• **Exercise requirements**
In the material below, find the line containing "Happy birthday Tony" and the line containing "Umbro Men's Blue and White Shorts | Depop". Output those two lines and all lines between them exactly, without pictures.

• **Material for this task**
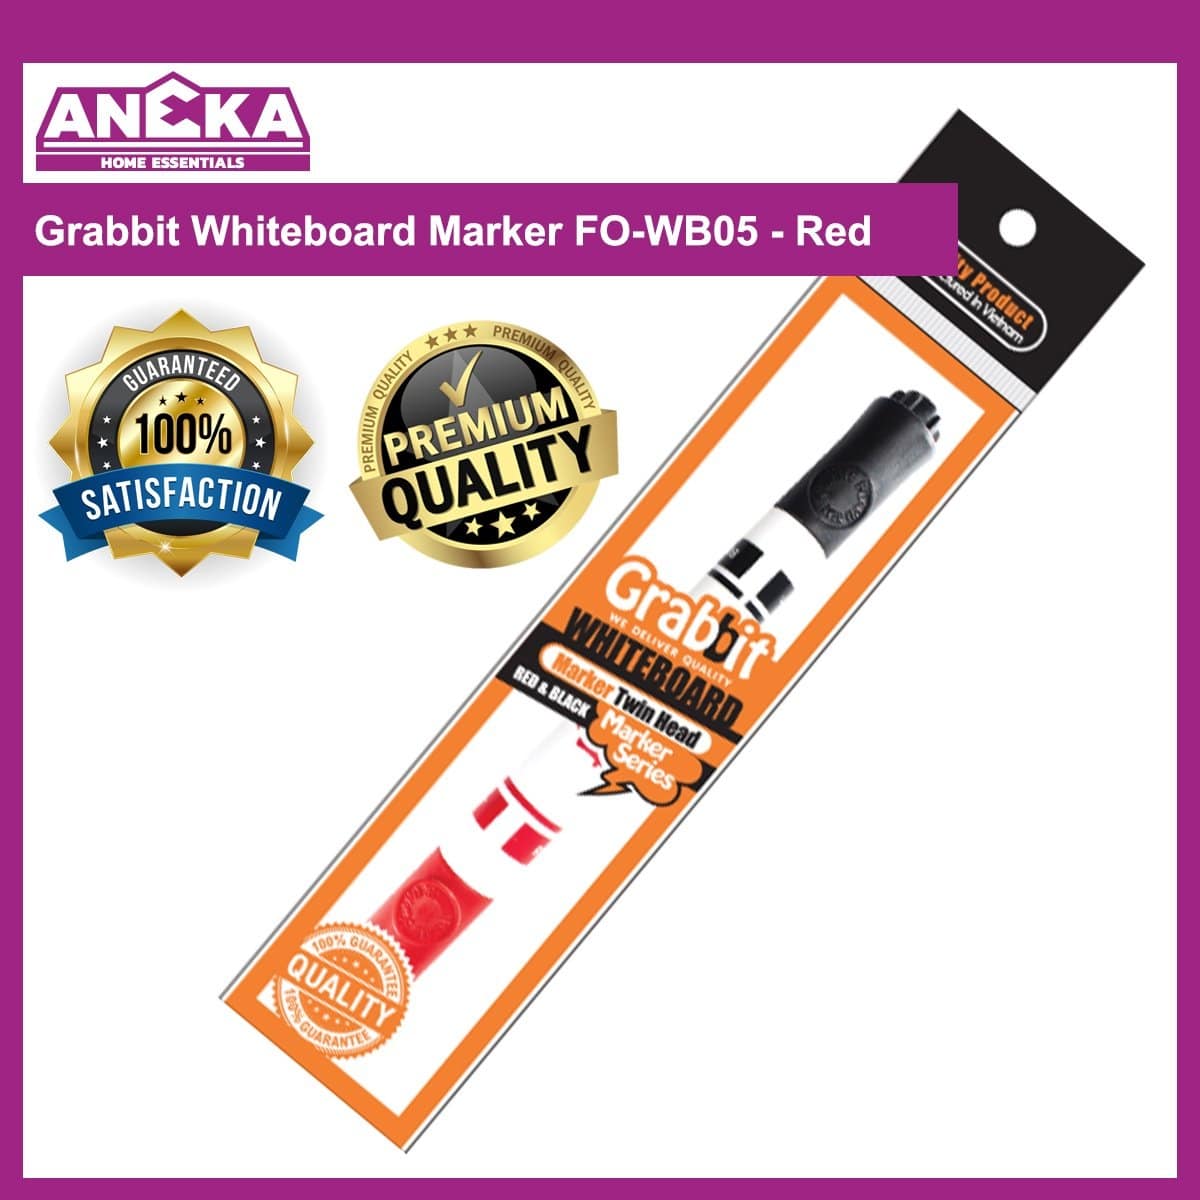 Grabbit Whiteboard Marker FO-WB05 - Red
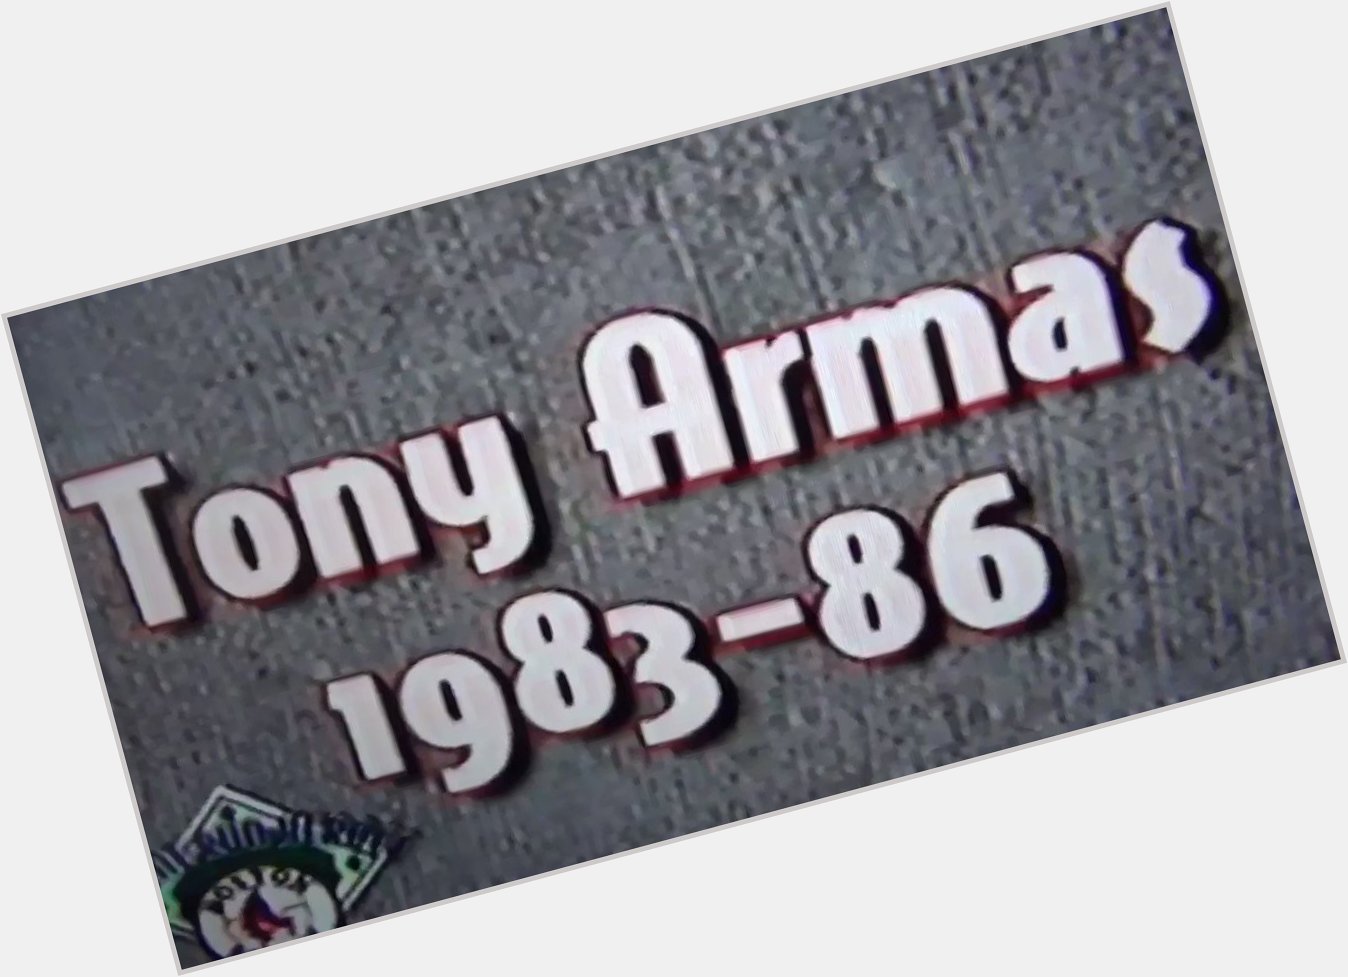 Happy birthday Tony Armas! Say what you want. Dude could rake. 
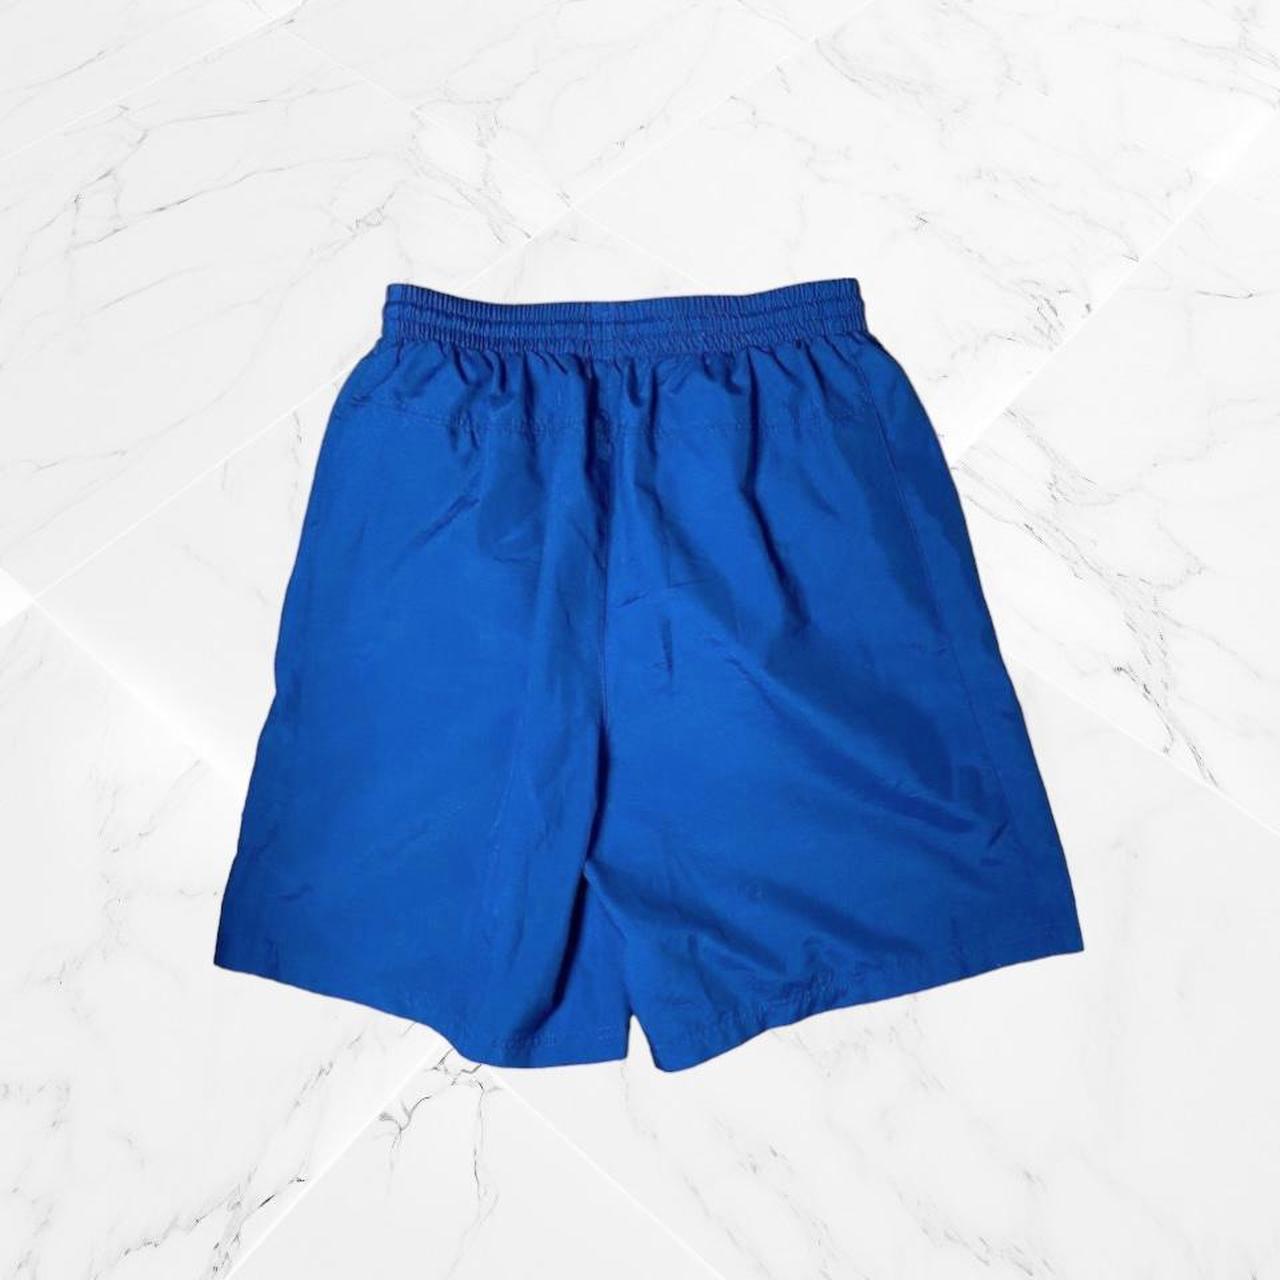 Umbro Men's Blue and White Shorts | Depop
* * *
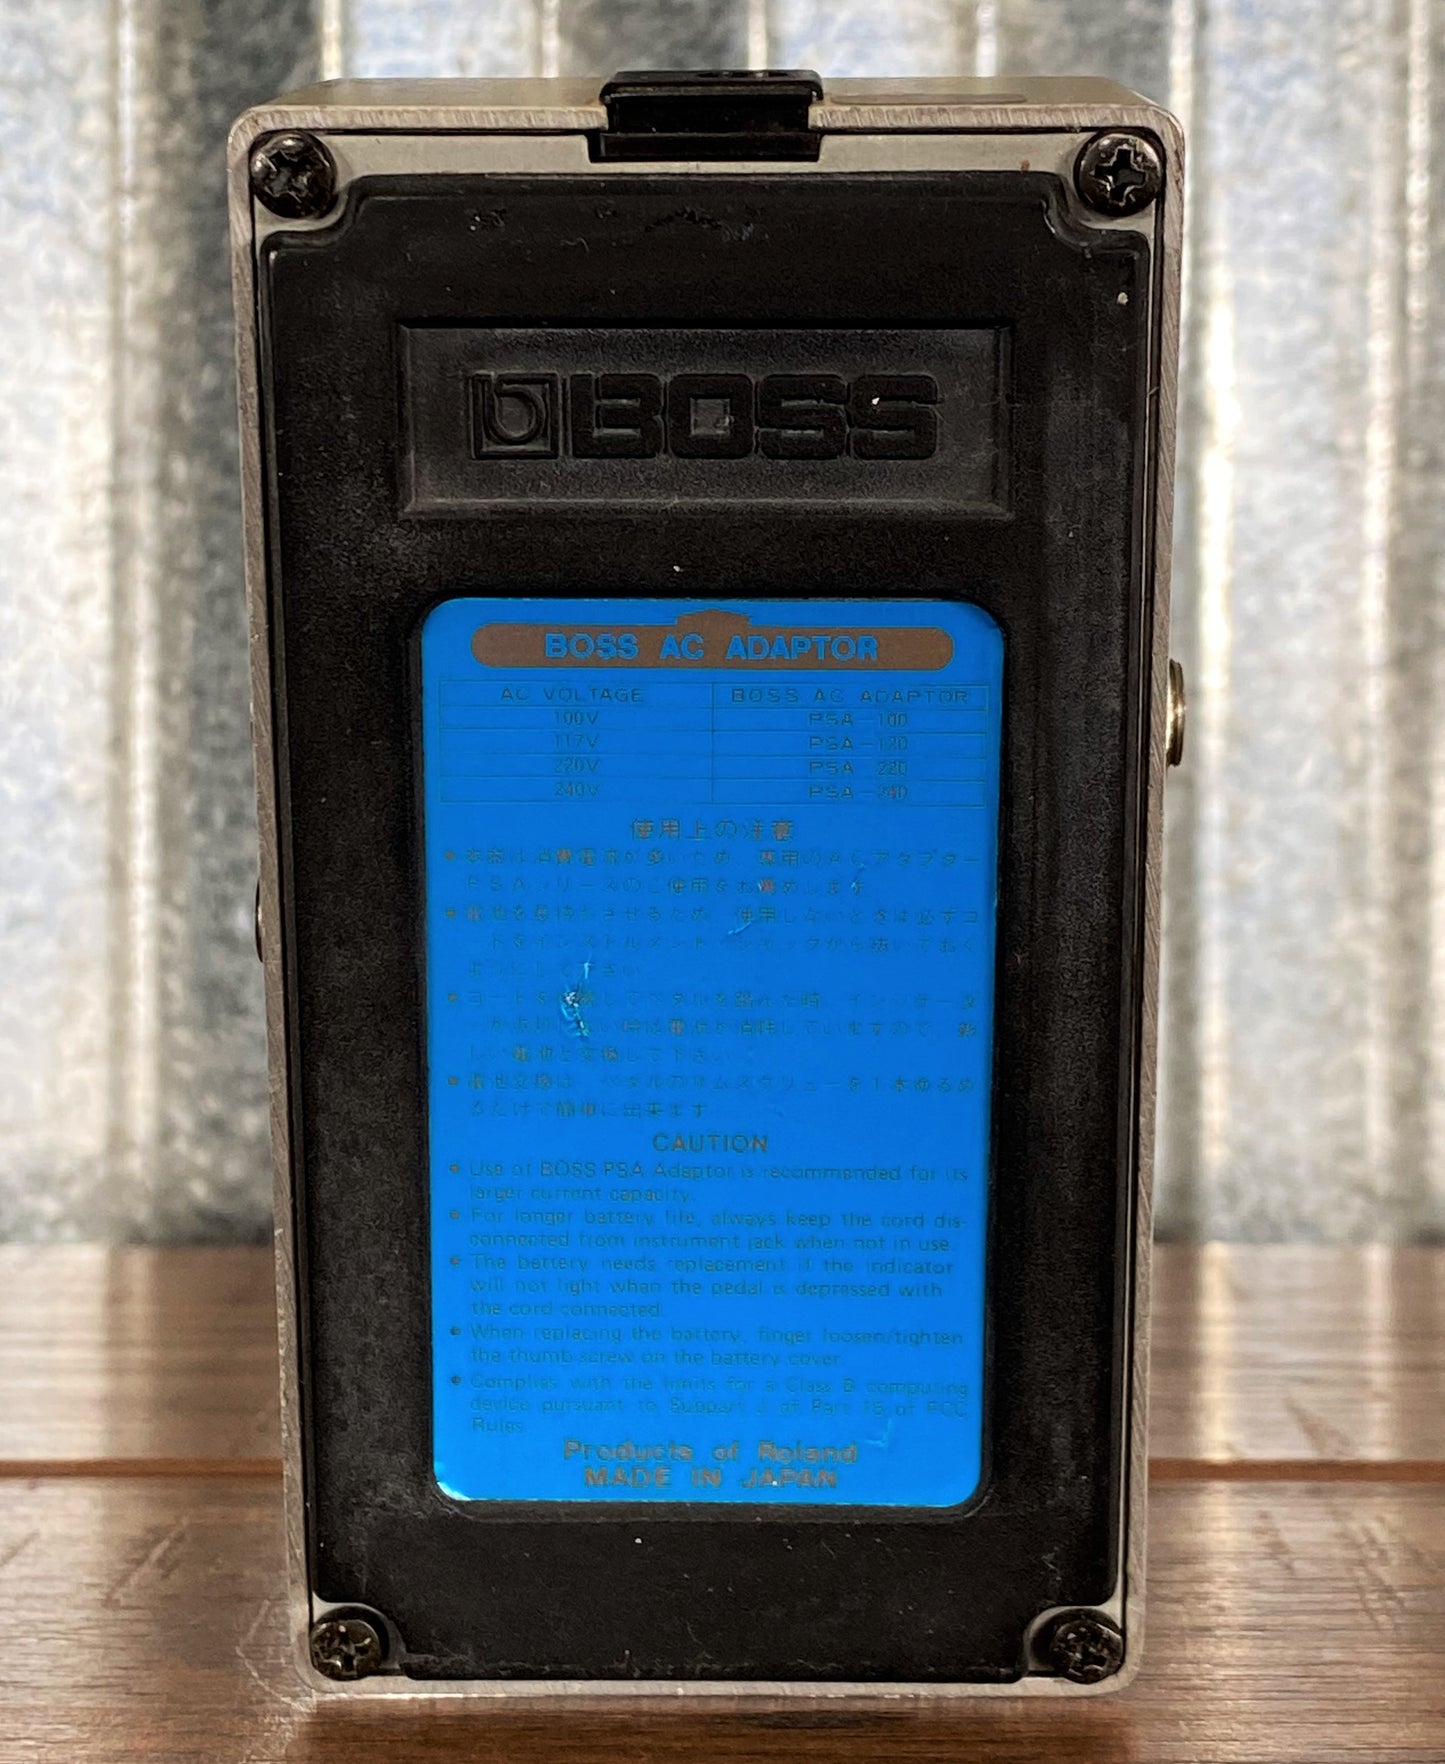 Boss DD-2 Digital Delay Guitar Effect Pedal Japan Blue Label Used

• **Result below**
 Happy birthday Tony Armas! Say what you want. Dude could rake. 
 Umbro Men's Blue and White Shorts | Depop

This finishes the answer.